Lazy-evaluation of futures for parallel work-efficient Alpha-Beta search

Now that the introductions are out of the way, here's my gameplan that I want to discuss. I hope to implement the following rough algorithm on the GPU (based on ChessProgramming.org Negamax AlphaBeta):

Code: Select all

```
future<int> alphaBeta( future<int> alpha, future<int> beta, int depthleft ) {
if( depthleft == 0 ) return quiesce( alpha, beta );
for ( all moves) {
future<int> score = Spawn(-alphaBeta( -beta, -alpha, depthleft - 1 )); // "Lazy calculate" the "negate" operation without actually evaluating it.
if(beta != infinity){ //Blocking is unnecessary while beta is infinity
//Block until "score >= beta" can be evaluated.
beta.wait(); // All stored "negate" and "max" operations will be evaluated here, and here only.
score.wait(); // Ditto
if( score >= beta )
return beta;
}
score = max(score, alpha); // "lazy calculate" the "max" operation without actually evaluating it until a "wait" statement is called
}
return alpha; // This is a "lazy symbolic fugure"
}
```

1. "Spawn" will be Task-based parallelism. Spawn roughly correlates to "Place a new task into the work-queue". It is assumed that the available threads (the 16,000+ threads of the Vega64) will be grabbing tasks from this queue. Obviously, efficient implementation of this work-queue is of utter-importance for this whole approach to work.

2. Lazy evaluation of score = max(score, alpha) is the hard part. Presume "alpha" initially equals [A, B, max, -], while "score" initially equals "[C, D, Max]. Then max(score, alpha) will generate [C, D, Max, A, B, Max, -, Max], representing the "lazy evaluation" of the alpha-tree... where "A", "B", "C", and "D" are values that will be returned by some Spawned task. ("Register renaming" from Tomasulo's Algorithm). These lists are organized into postfix notation. That is, [C, D, Max, A, B, Max, -, Max] is equivalent to the computation Max(-Max(A,B), Max(C, D)).

3. "beta.wait()" is when this tree is actually evaluated. If beta = [A, B, max, -] on this line, then "beta.wait" will stay on the "Blocked Queue" until A and B are available.
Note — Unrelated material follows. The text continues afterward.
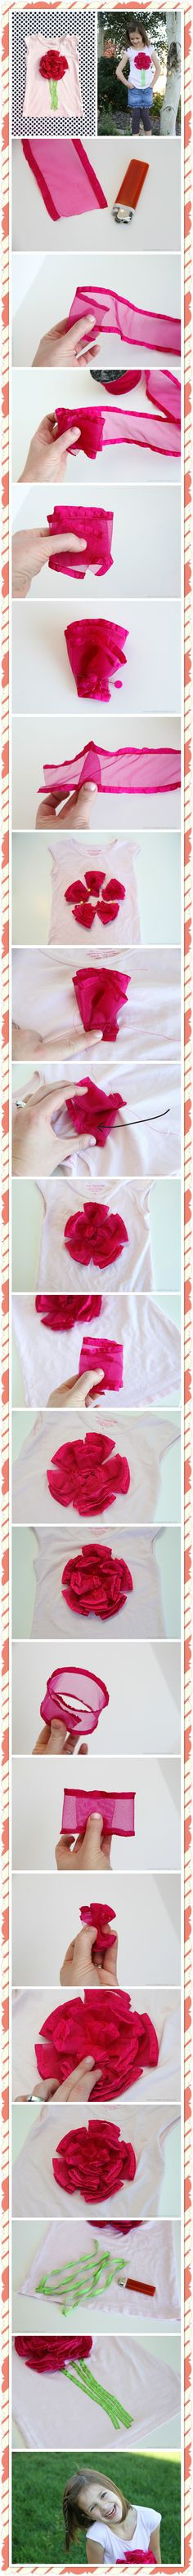 DIY puffy ribbon flower shirt diy crafts home made easy crafts craft idea crafts ideas diy ideas diy crafts diy idea do it yourself diy projects diy craft

The mechanism described in #2 should "discover" the innate parallelism across alpha-beta trees. There's a lot of edge cases (what to do if the list fills up? How big should the list be for chess?). But I've mapped out a lot of examples by hand, and I'm confident that a system like this would work now. It appears that the square-root(nodes) of Minimax are immediately available to this parallelism strategy.

As I program this, I'll update the thread. But I wanted to at least generate some discussion. Maybe someone else has made a system similar to mine that I should be aware of? Its always good to read other research papers on this subject.